I assume that if the sphere size stays the same and the flux factor goes down, they're just not going to be as effective for sculpting because they won't hold as well, and they won't have the same satisfying snap, etc. The lack of a workable alternative is just as good for me as a teaching point as a workable alternative would be; I'll have fun with this. I appreciate your assistance to total stranger.

I find it funny, after reading your post, that the CPSC in its Notice of Proposed Rulemaking says, "Thus, it might be possible for manufacturers to make magnet sets that contain strong magnets so long as the magnets are sufficiently large, although the large size could reduce their utility."

Well, that's an understatement, apparently.

Professor X

Various magnets

To get a, literal, feel for how these things behave, I do strongly recommend you hit eBay and get some cheap magnets there, both the little strong silver ones and the black shiny "rattlesnake egg" type (which can be had as spheres as well as elongated ovals).

The eBay seller I got some of my element samples from, "The Mists of Avalon" (here on eBay Australia, here on eBay UK) has some interesting magnets too, including irregular "tumblie" versions of the rattlesnake-egg type.

Plus, of course, these things really are some of the greatest fiddle-toys ever created. Just don't put them in the same pocket as your credit cards!

I used to also have to warn people to keep strong magnets away from CRT monitors and TVs, but that's way less of a problem these days, of course. To demonstrate rare-earth magnets' their ability to wipe other magnetised things, get a standard flexible rubber fridge magnet of the sort given away as promotional items, scrub it all over with a smallish rare-earth magnet, and behold that it now can't stick to a fridge at all.

This is because those rubbery magnets are set up with a "one sided" array of alternating parallel rows of magnetisation - that's why only one side of them sticks to the fridge, and also why they stick to each other in such an odd, "lumpy" way.

Fridge magnet field pattern

You can also use magnetic field viewing film (a small piece of which can be yours for less than $10 delivered) to see this oddness directly.

When a strong enough external field re-aligns these parallel poles so they all go one way, the essentially feeble magnetic material can no longer hold up own weight.

Ferrofluid

There's a lot to be said for ferrofluid, too.

The cheapest ferrofluid on eBay is in tiny squeeze sachets, for topping up the coolant in tweeters.
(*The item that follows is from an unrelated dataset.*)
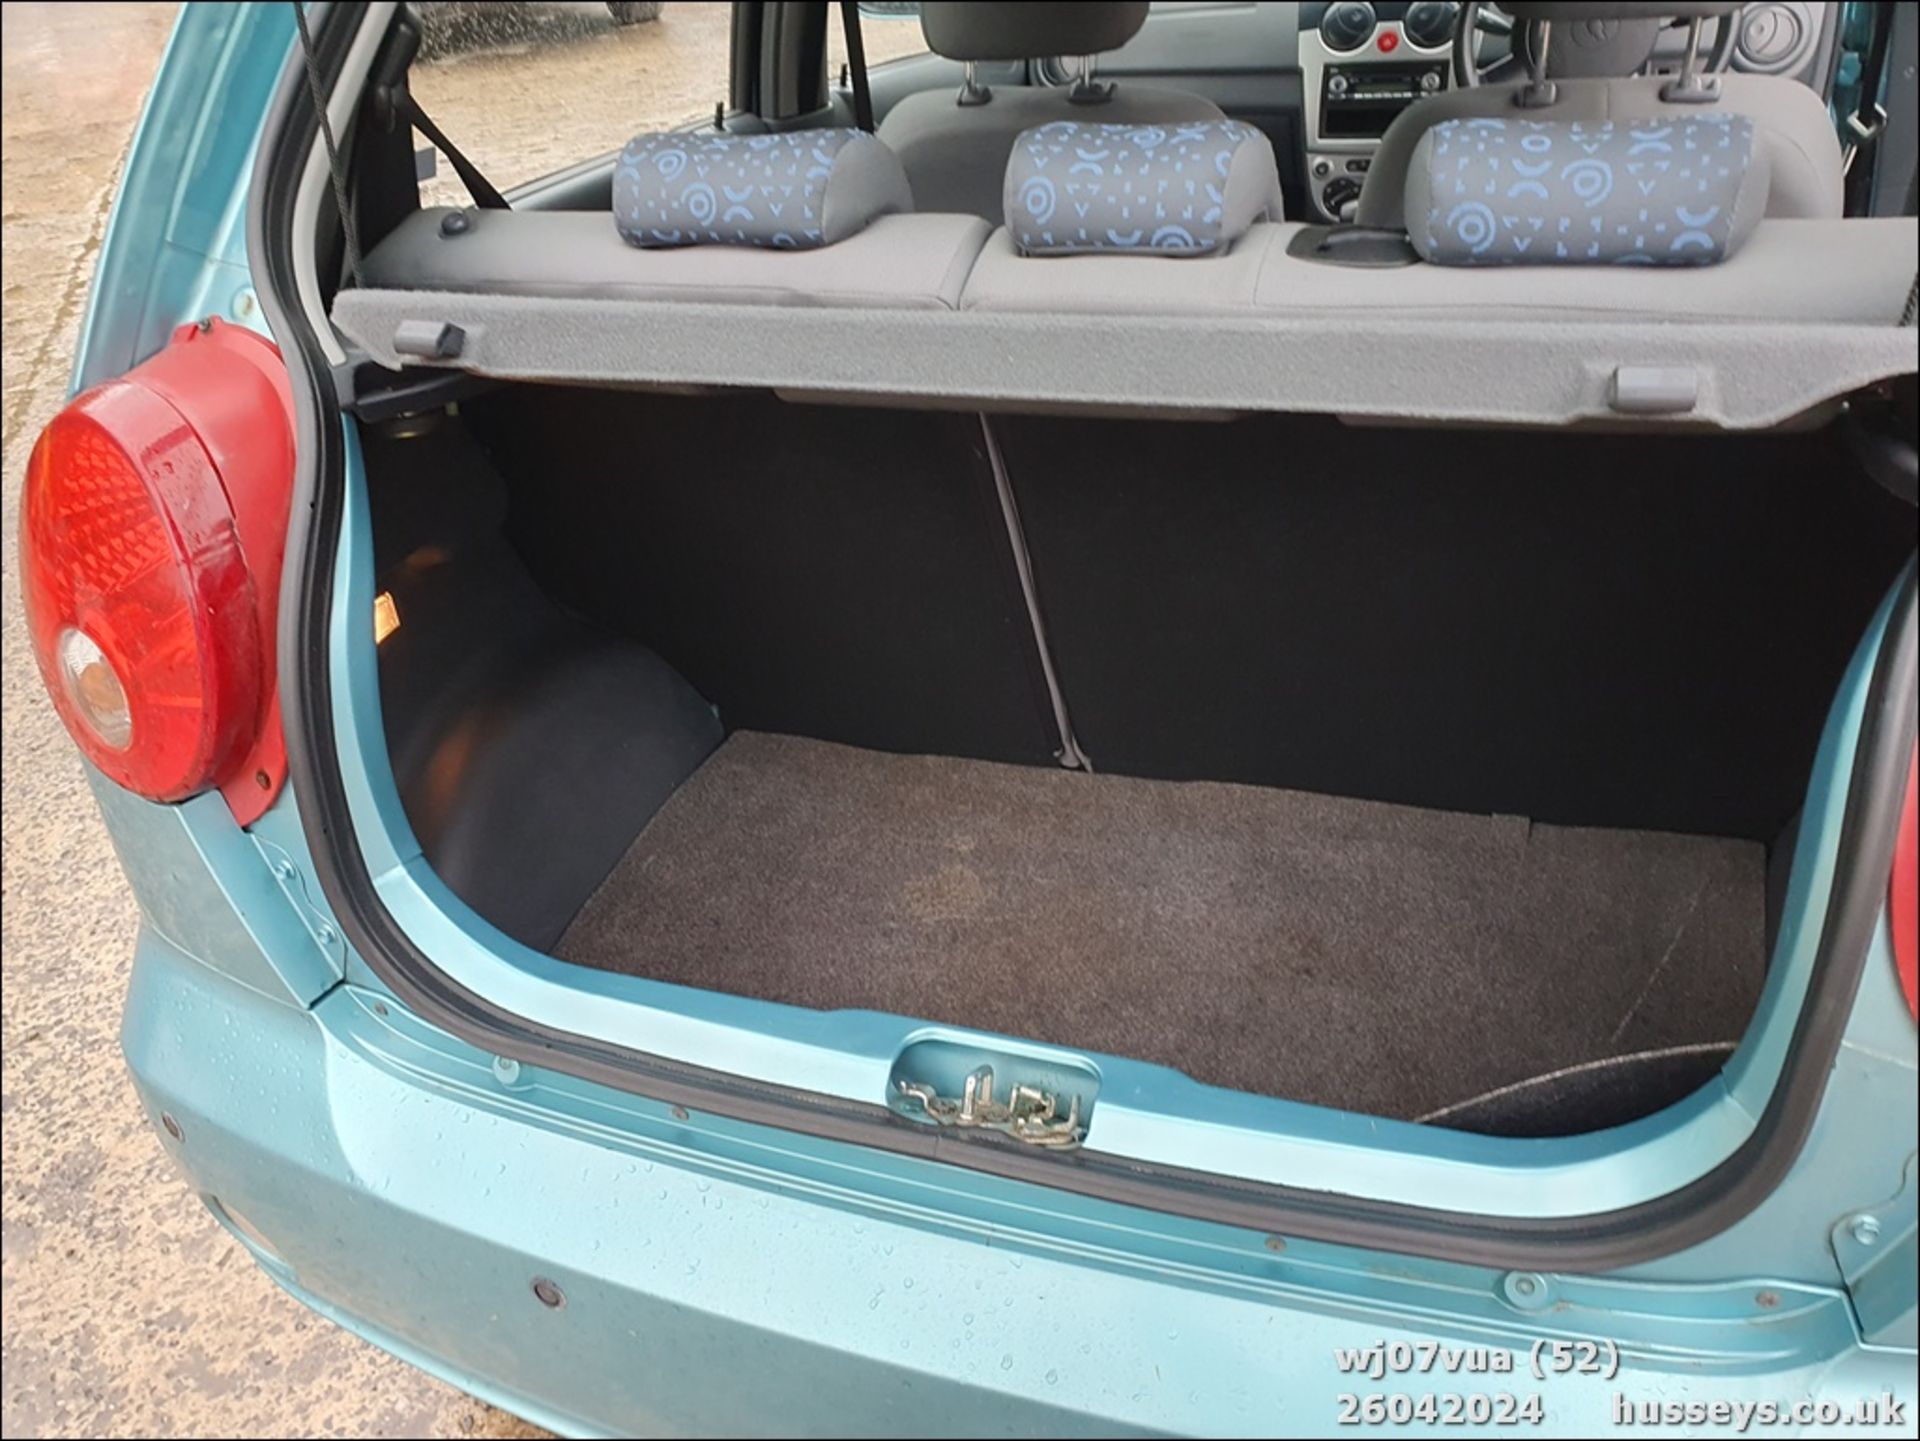 07/07 CHEVROLET MATIZ SE AUTO - 796cc 5dr Hatchback (Blue, 36k) - Image 53 of 56

But you can get thirty grams for less than $US25 delivered; that's enough to have some fun with.

There are also several dealers selling sealed vials with ferrofluid and possibly also some immiscible liquid inside, to keep the ferrofluid clean and, perhaps more importantly, prevent other objects, people and pets from being stained by it. Regrettably, you can only get some of a ferrofluid stain out of your clothes with a magnet.

Also, if physics demonstrations at all interest you, those little magnets can be great for those, too!

Too much of a good thing

A reader writes:

I've tried to find the answer to this on my own, but I'm struggling. I'm hoping the question will be easy for you to answer and interesting enough that you'd like to answer it.
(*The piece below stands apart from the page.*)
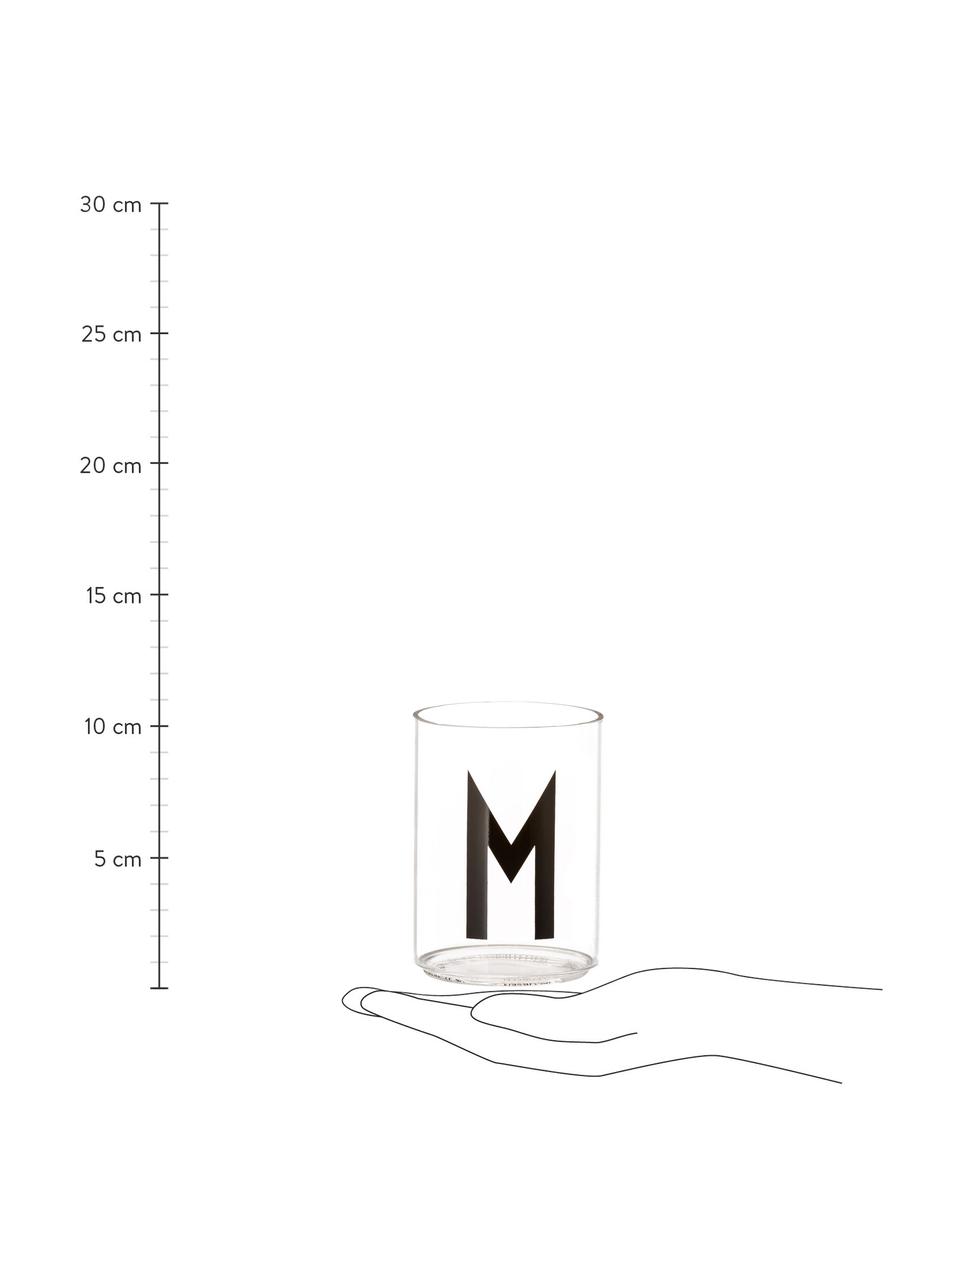 Design waterglas Personal met letters (varianten van A tot Z), Borosilicaatglas, Transparant, zwart, Waterglas A, 300 ml

I teach products liability, so I've been interested in the Consumer Products Safety Commission's notice of intent to ban Buckyballs and other, similar magnet sets meant to be adult desk toys. The CPSC would like to ban magnet sets that contain magnets that have a flux index of over 50 and are so small that they fit within the CPSC's small parts cylinder. Most of the magnets in these sets are 5mm in diameter, although some sets have smaller magnets.
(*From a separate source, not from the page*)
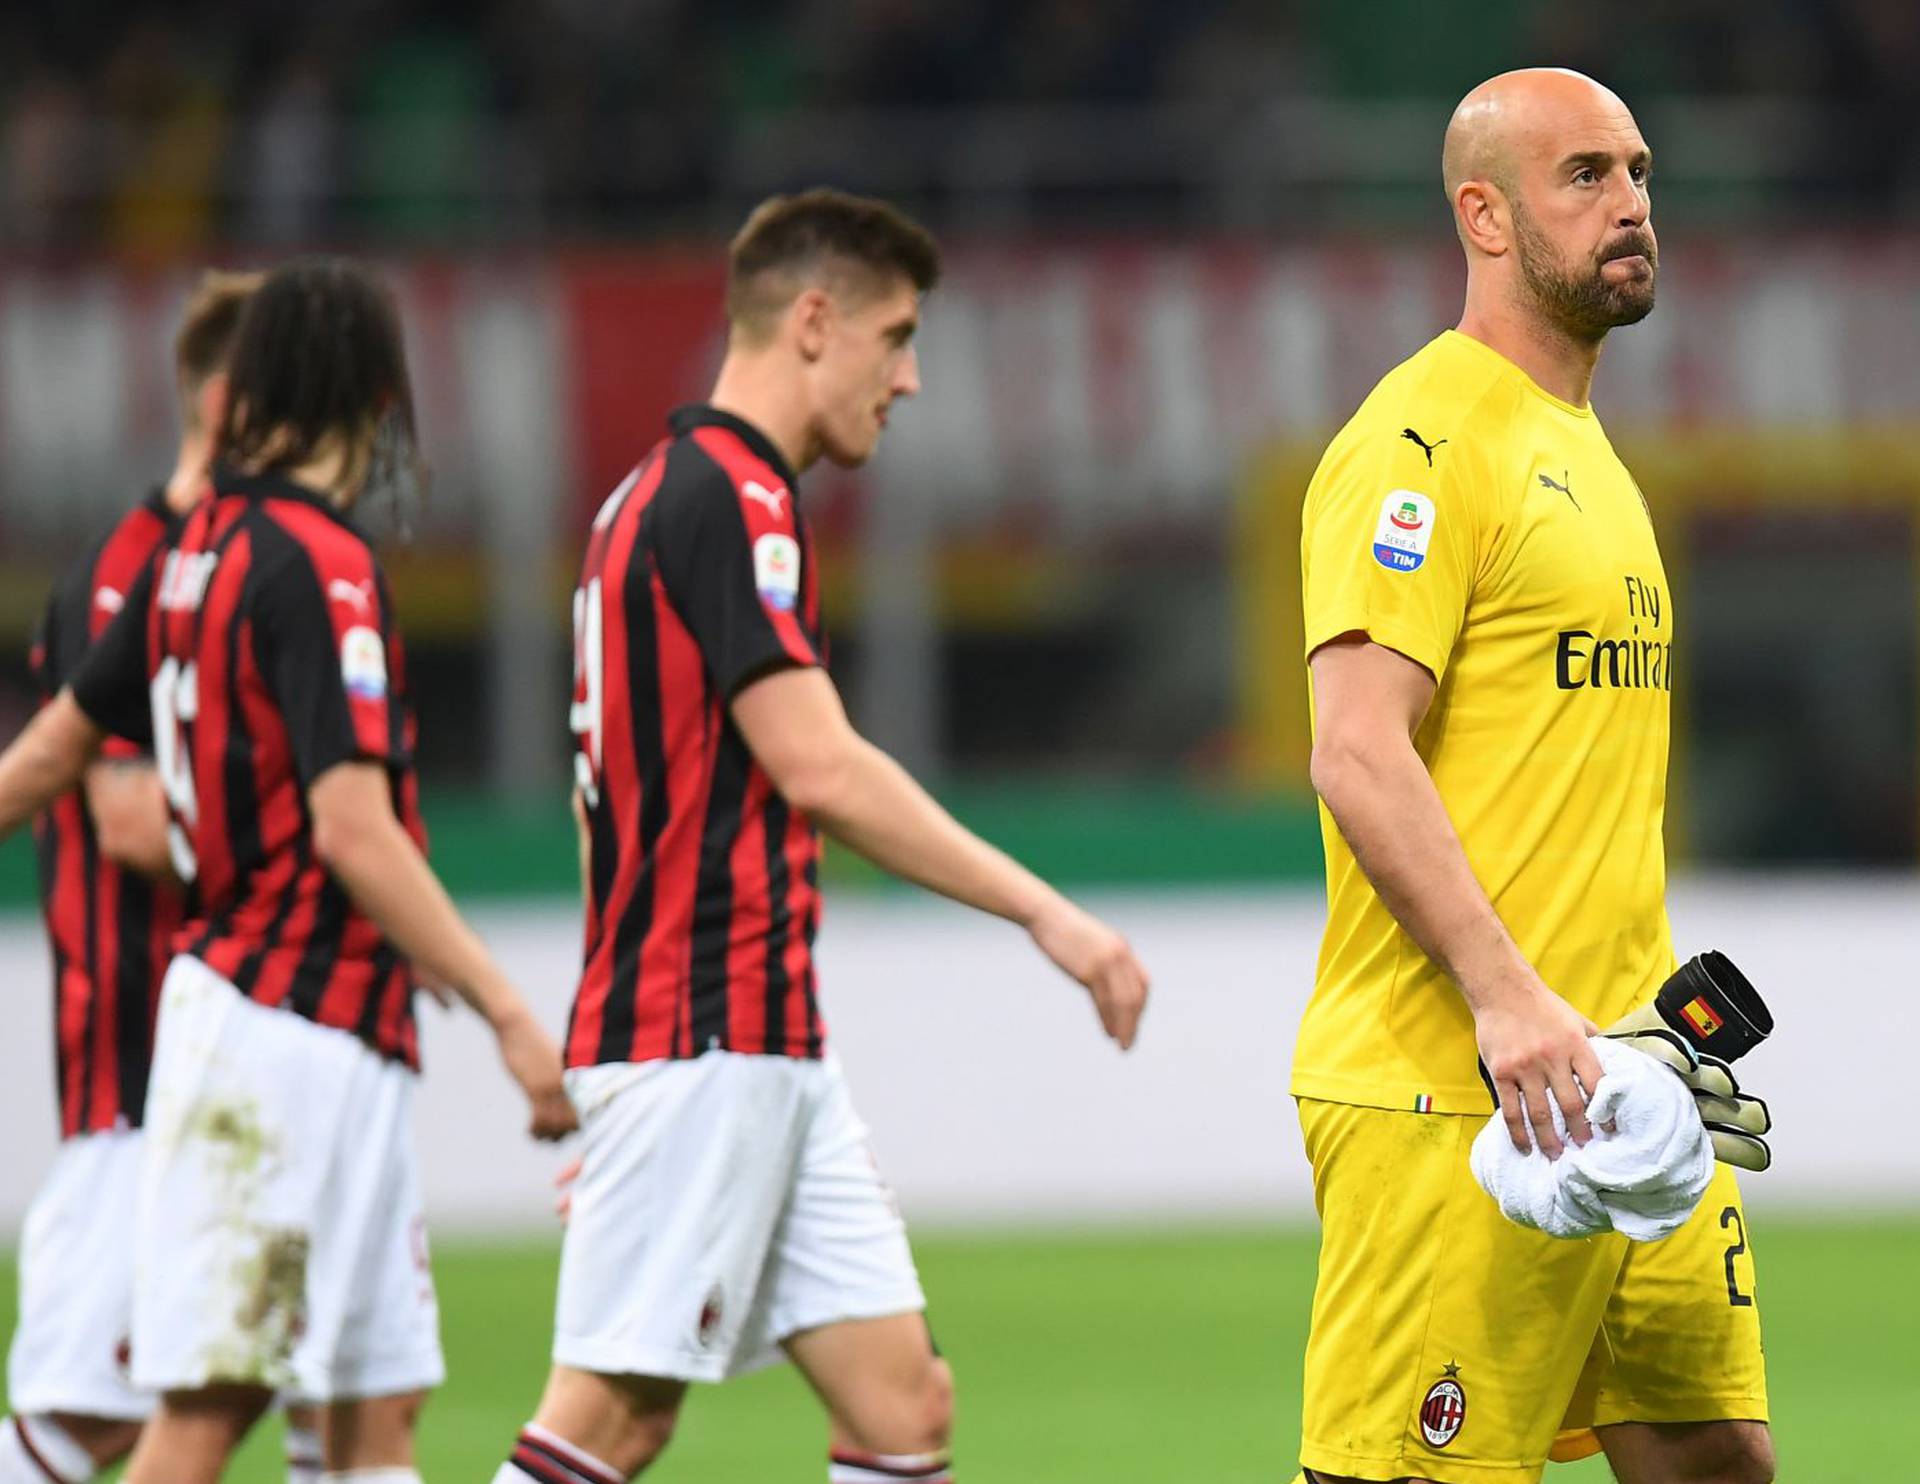 Torino nokautirao Milan: Borba za Ligu prvaka nikad napetija

To be too big for the cylinder, the magnets would have to be more than 31.7mm in diameter.

So, to have an intelligent conversation with my students about this product, I need to know what would be the effect on the utility of these magnet sets if the spherical magnets are made too large to fit in the cylinder. These are NIB magnets. Would the magnet sets with larger magnets still work effectively as desk toys, or would their properties change in a way that would make them less effective? Or are they just less fun if they're that much bigger? Any thoughts you're willing to share would be greatly appreciated. And thanks for reading this far.

Professor X (not his, or her, real name)

Oh, man. That would be such a bad idea. So gloriously, horrifyingly, hilariously bad. But possibly rescuable with some serious design changes, on top of the larger size.

On the plus side, making novelty-toy rare-earth magnets more than 30mm in diameter probably would reduce swallowing incidents to zero.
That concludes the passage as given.